Fujiwara no Ieyoshi (藤原家良; 1192–1264), also known as Kinugasa Ieyoshi (衣笠家良), was a waka poet and court noble active in the early to mid Kamakura period. He was the second son of the major counselor Awataguchi Tadayoshi and reached the rank of Senior Second Rank and the office of Naidaijin (Inner Minister), by which title he was known as Kinugasa Naidaijin. He is counted among the New Thirty-Six Immortals of Poetry (新三十六歌仙, Shinsanjūrokkasen).

== Life ==
Ieyoshi was born in 1192. His father Tadayoshi had little political skill but was an accomplished poet, with 69 of his poems included in imperial anthologies. Ieyoshi's paternal grandmother was a daughter of Fujiwara no Akisuke, the noted poet included in the Ogura Hyakunin Isshu. His maternal grandfather, Fujiwara no Sadayoshi, was politically capable and rose to the unusual position of provisional major counselor within the Michitsuna line; both his poetic gift and political standing are thought to have passed to Ieyoshi through these two family lines.

In 1200, Ieyoshi's coming-of-age ceremony was conducted by the Minister of the Right, Konoe Iezane, and he was granted the rank of Junior Fifth, Lower. He was made a chamberlain in 1201 and raised to Junior Fifth, Upper in 1202, when he was also permitted to wear forbidden court colors. He was frequently criticized by Fujiwara no Teika for behaving improperly at court; since Teika had likewise described Tadayoshi as being of an "unrefined nature," Ieyoshi's poor manners are thought to have been inherited from his father.

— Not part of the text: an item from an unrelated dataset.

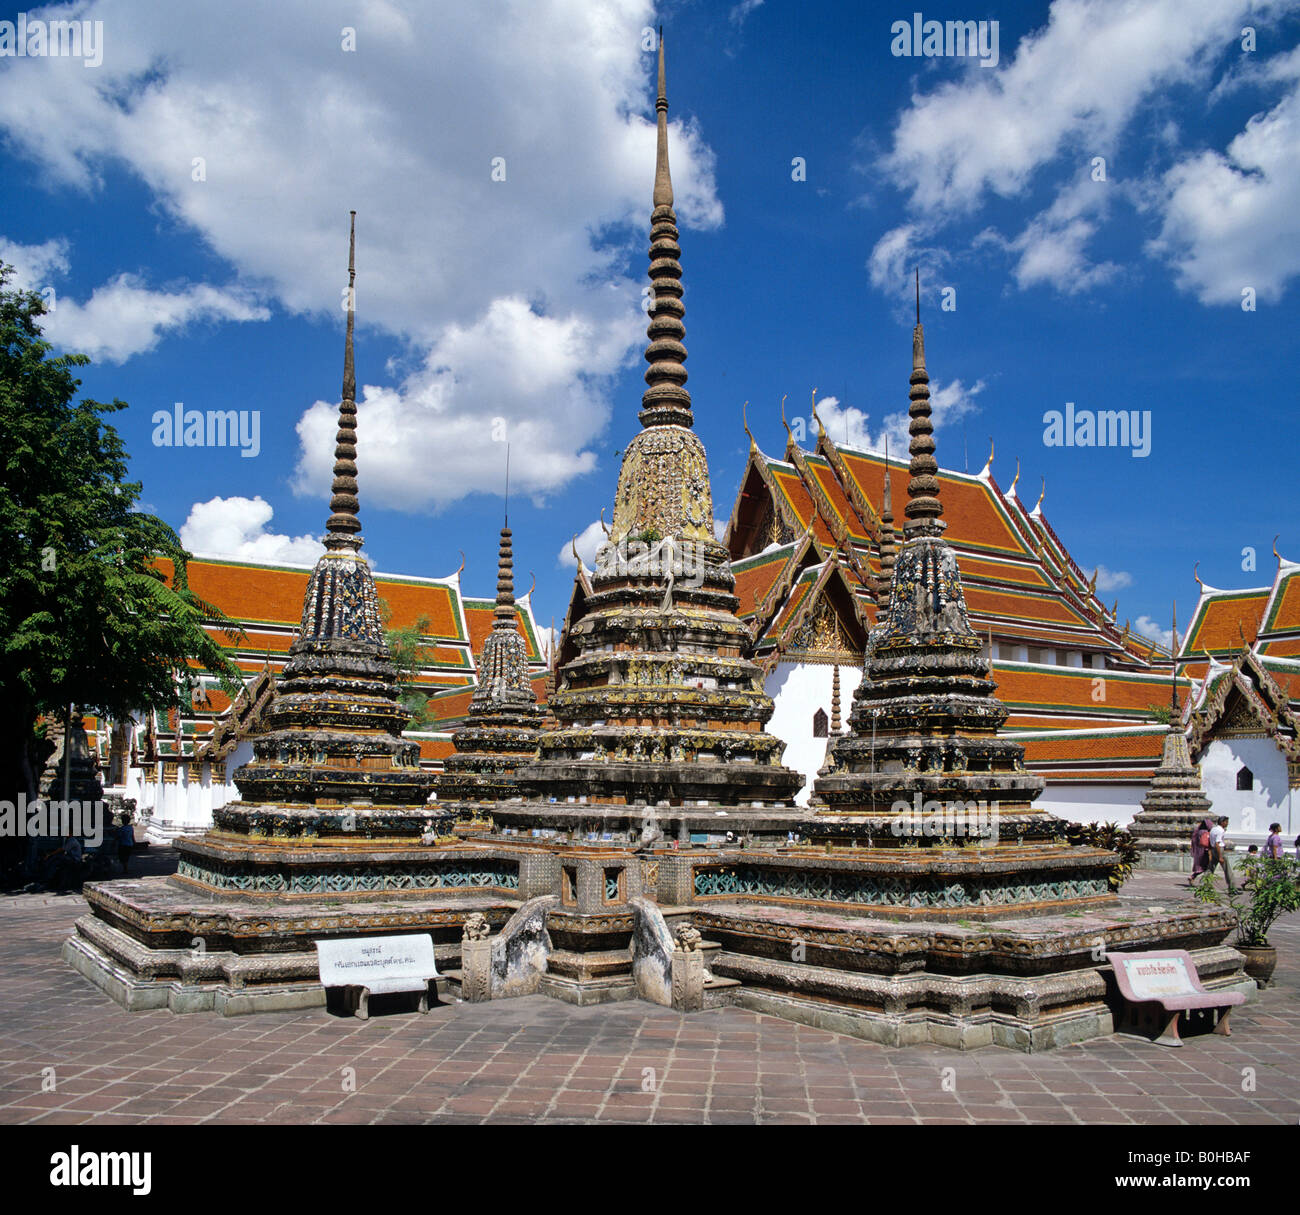 Wat Pho Temple of the Reclining Buddha, temple site, Chedis, Bangkok, Thailand, Southeast Asia Stock Photo

He was promoted steadily over the following decades: to Senior Fifth, Lower in 1203; Minor Captain of the Left Palace Guards in 1204, while concurrently serving as provisional governor of Echizen from 1205; Junior Fourth, Lower in 1206; and Junior Fourth, Upper and Middle Captain of the Left Palace Guards in 1207. In 1209 he was raised to Senior Fourth, Lower and appointed provisional governor of Kai; his maternal grandfather Sadayoshi died the same year. He reached Junior Third Rank in 1211, becoming a court noble, and went on to serve as provisional governor of Bitchū before being raised to Senior Third Rank in 1214, Junior Second Rank in 1220, and Senior Second Rank in 1222. In early 1225 he was promoted directly to the office of chūnagon (Middle Counselor), bypassing the intermediate posts of sangi and provisional chūnagon.

His father Tadayoshi died in the fifth month of 1225. According to the Meigetsuki, Ieyoshi did not attend the imperial procession of 1226 after being passed over in rank by Sanjō Saneshika the previous month. His attendance at court increased, however, once Konoe Chōshi was installed as consort to Emperor Go-Horikawa, and in 1227 he was appointed provisional major counselor. His elevation to chūnagon appears to have moved him deeply; a poem he composed on the occasion was later included in the Mandaishū.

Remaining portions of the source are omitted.